_INPUT DATA_
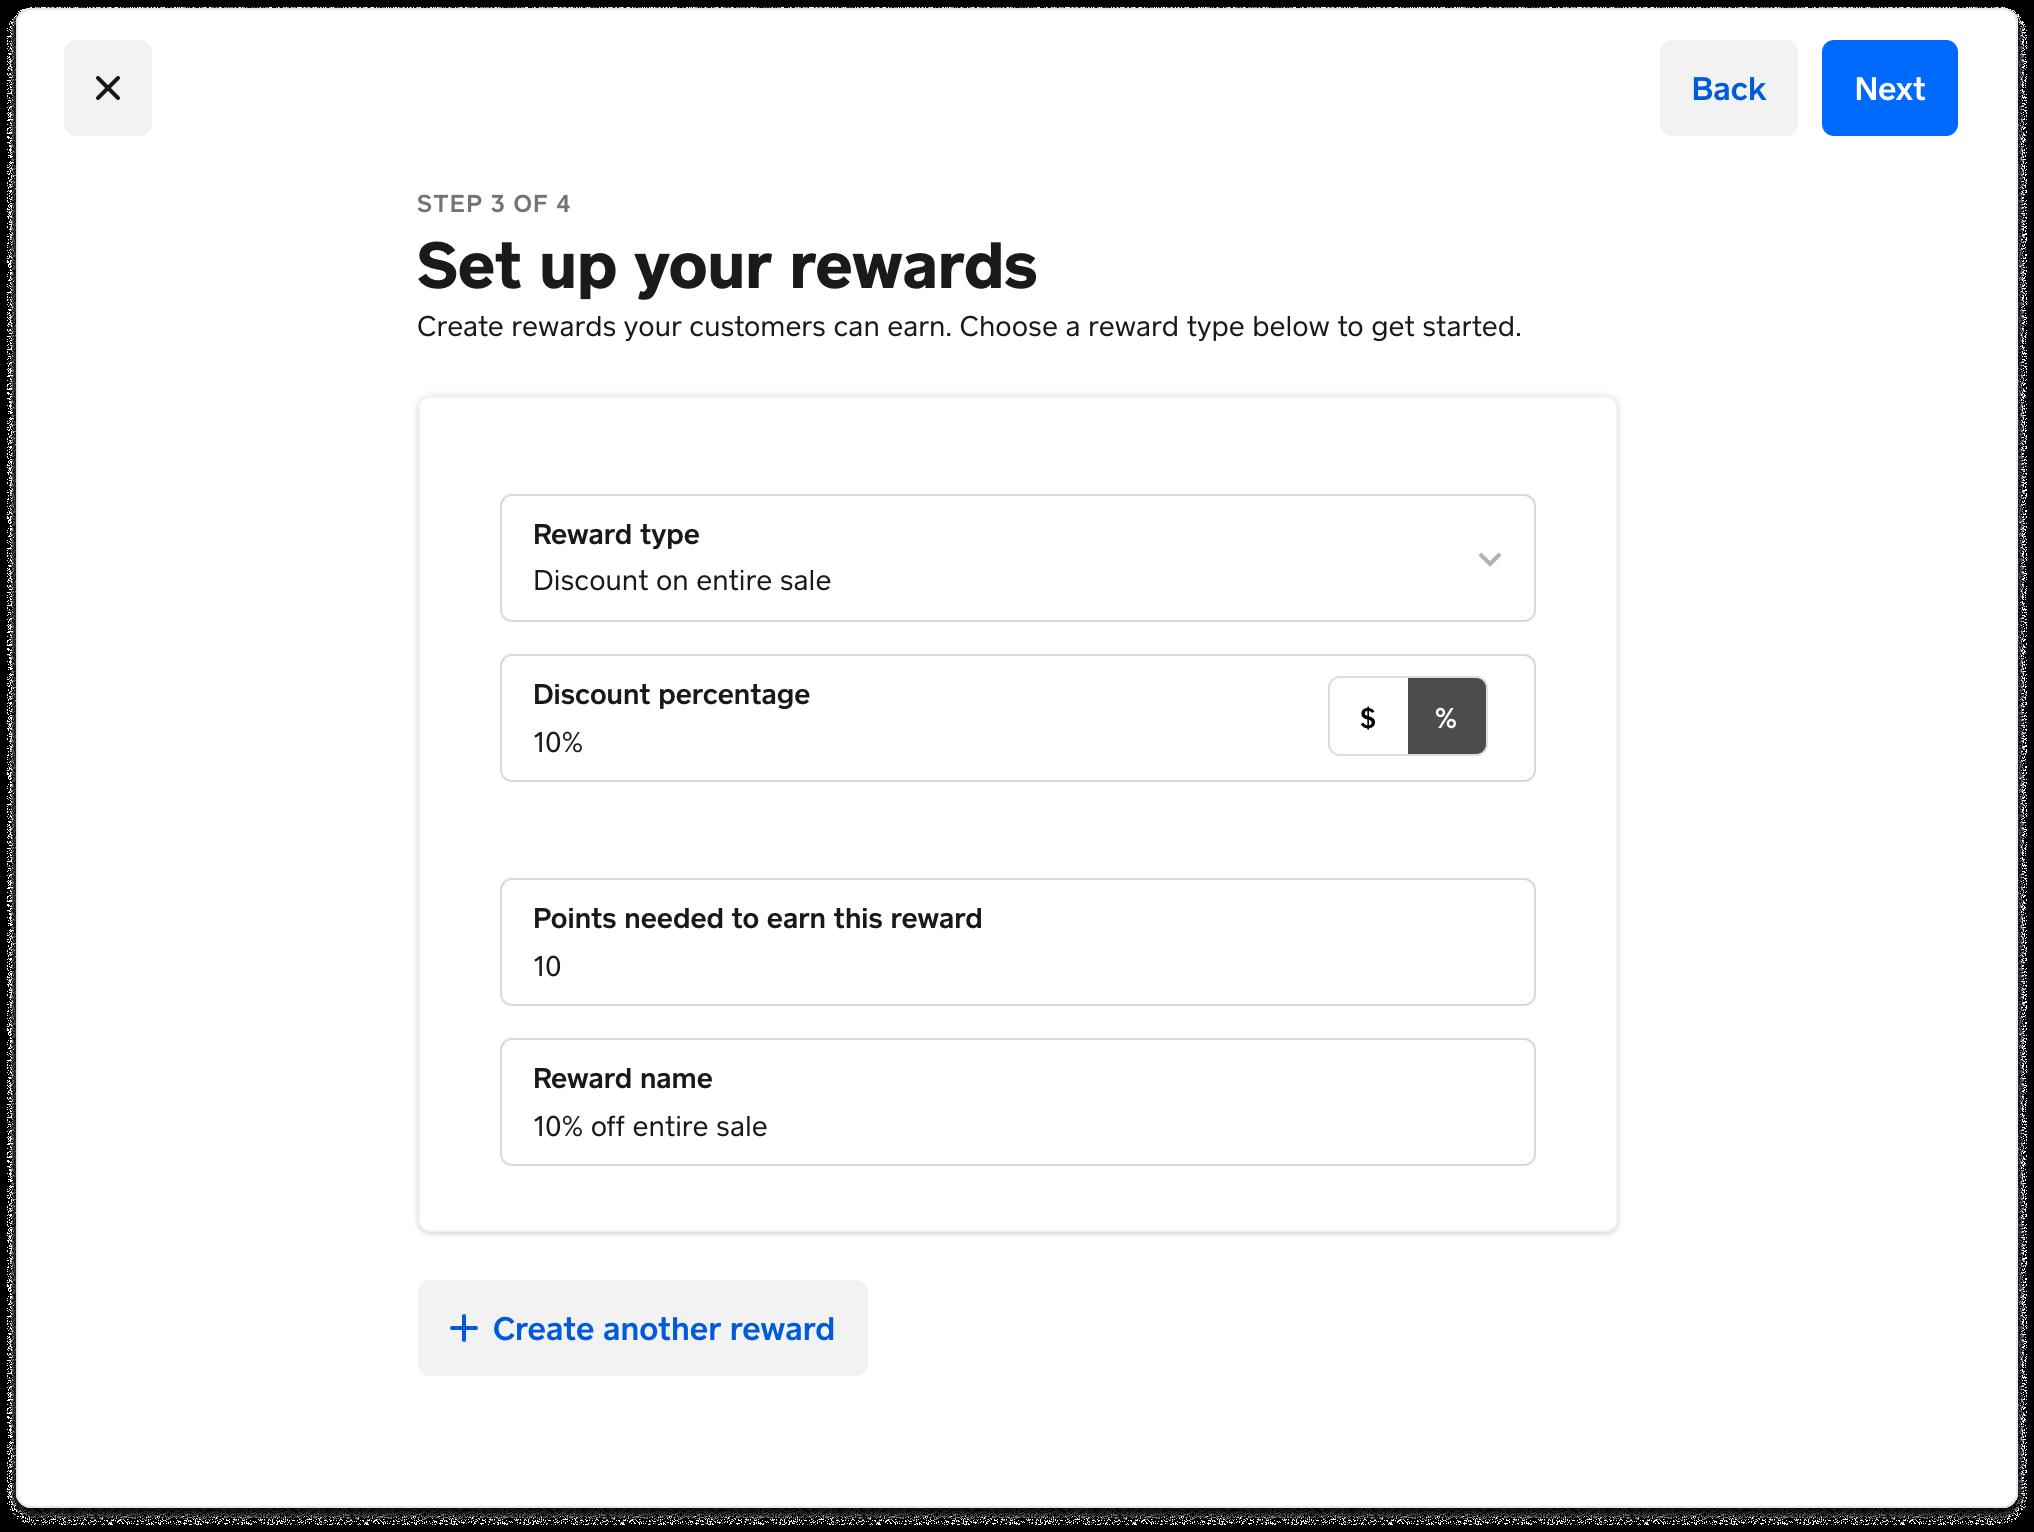 loyalty_entire_sale_reward
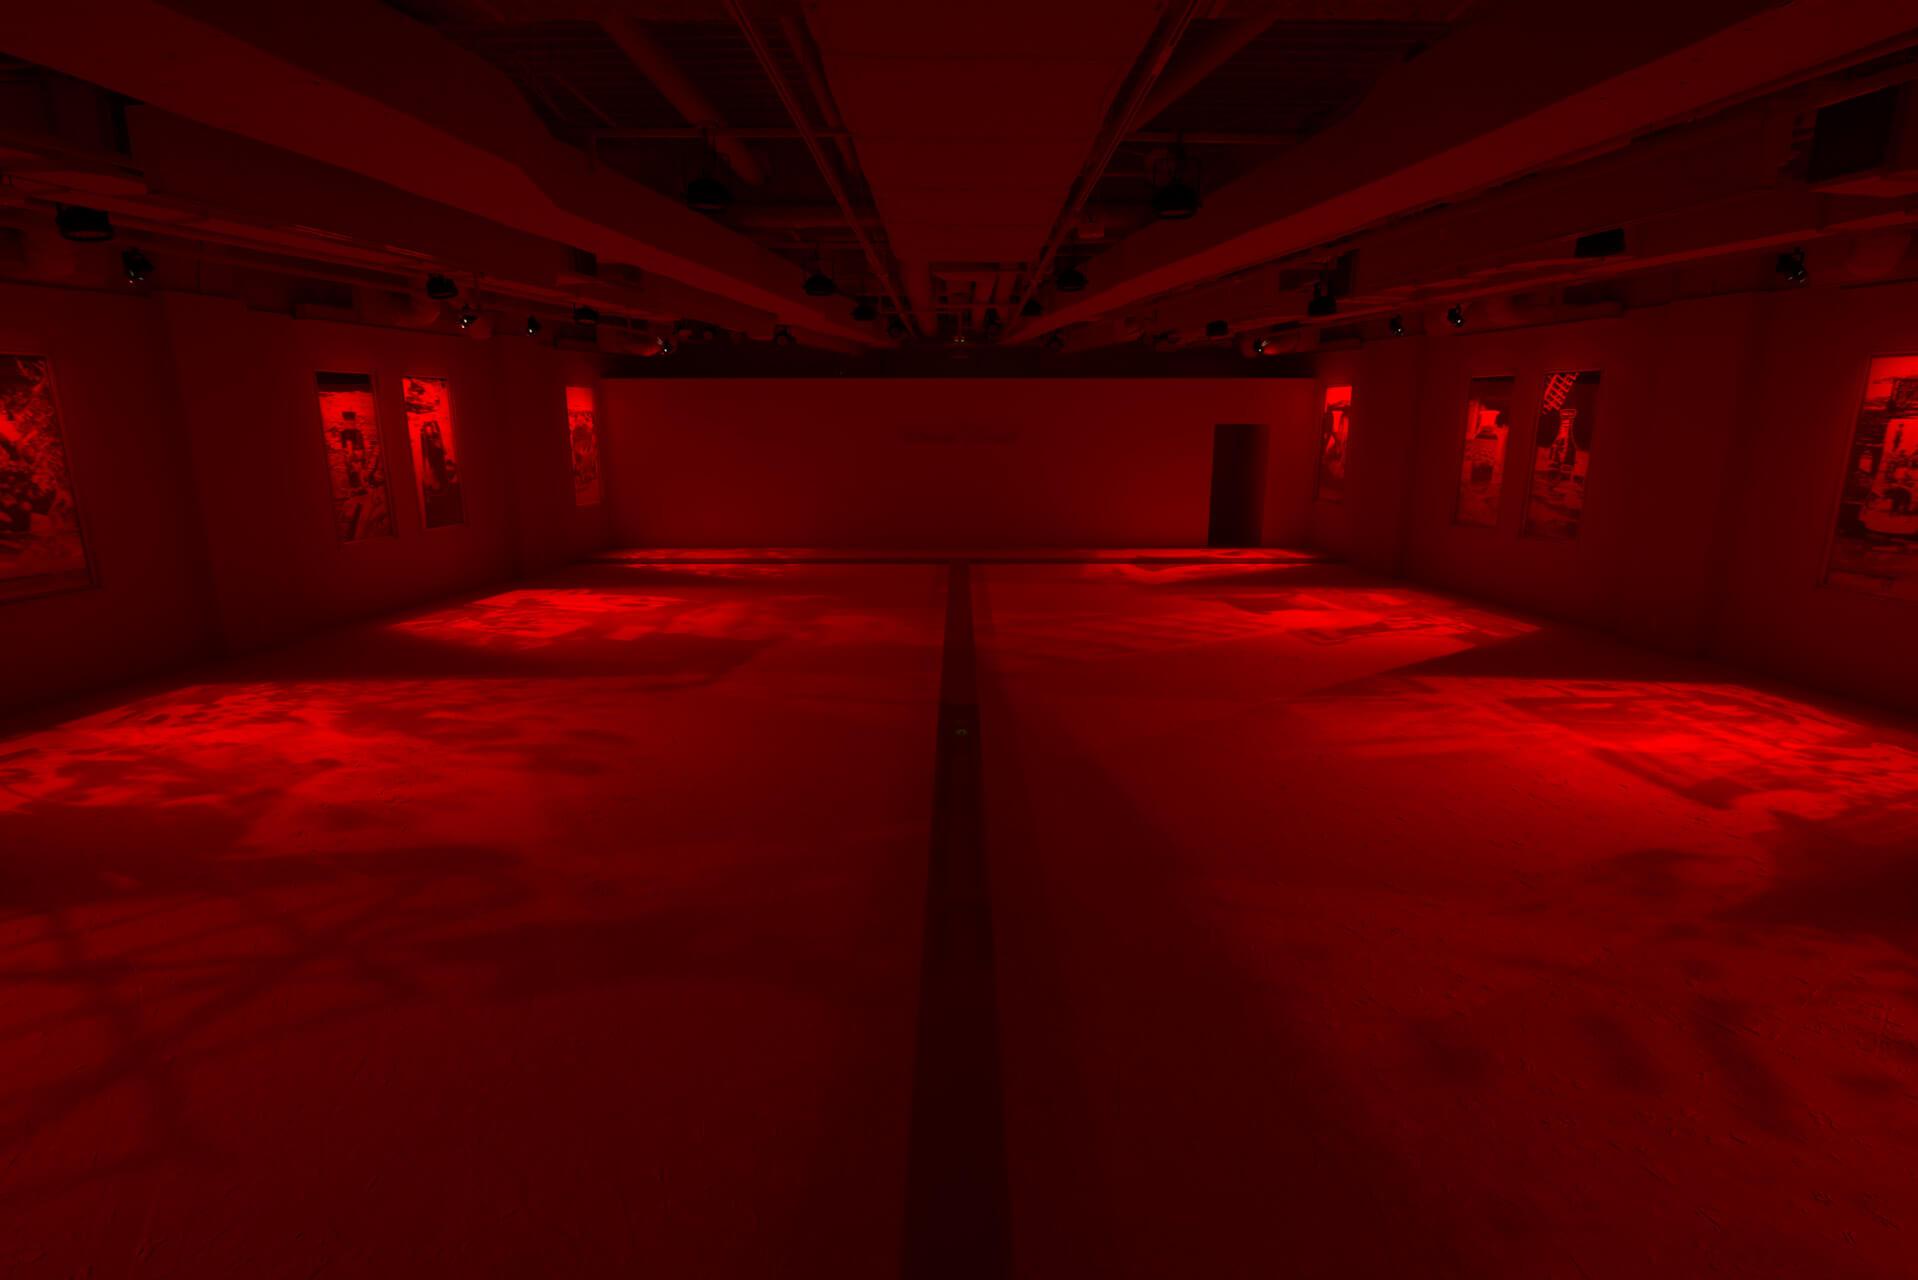 大巻展展示風景 現代美術・アート Contemporary Art オフソサエティ offsociety
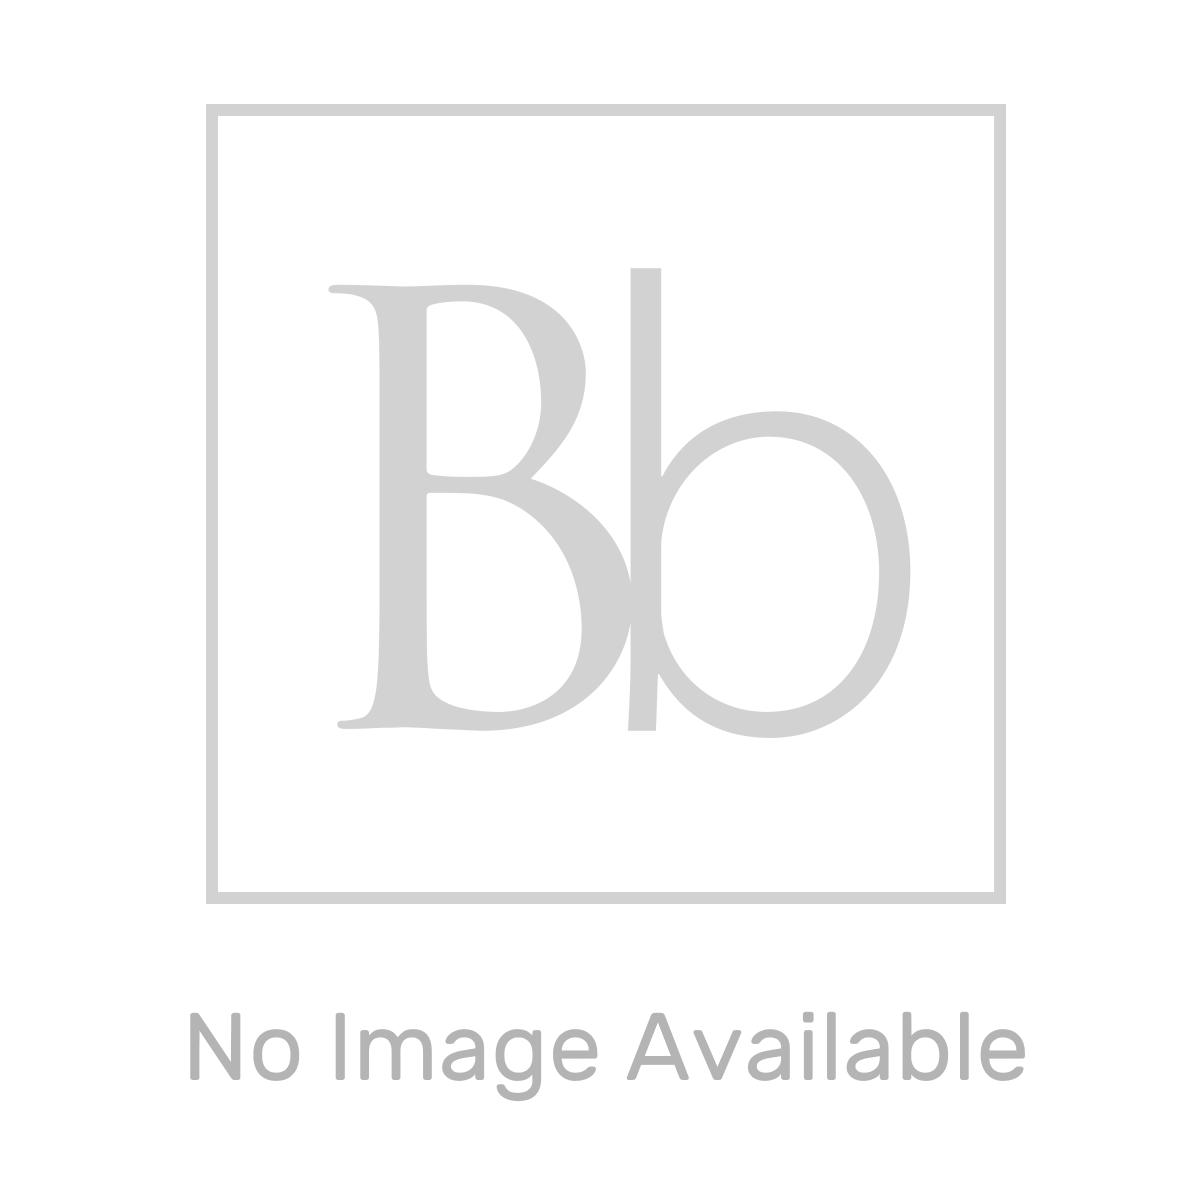 Homelux PVC Quadrant Edge 10mm Soft Cream Tile Trim 2.44m

_WHAT THIS TASK INVOLVES_
Every line of the data above should be returned exactly, with the pictures removed.

_RESPONSE_
 loyalty_entire_sale_reward
 大巻展展示風景 現代美術・アート Contemporary Art オフソサエティ offsociety
 Homelux PVC Quadrant Edge 10mm Soft Cream Tile Trim 2.44m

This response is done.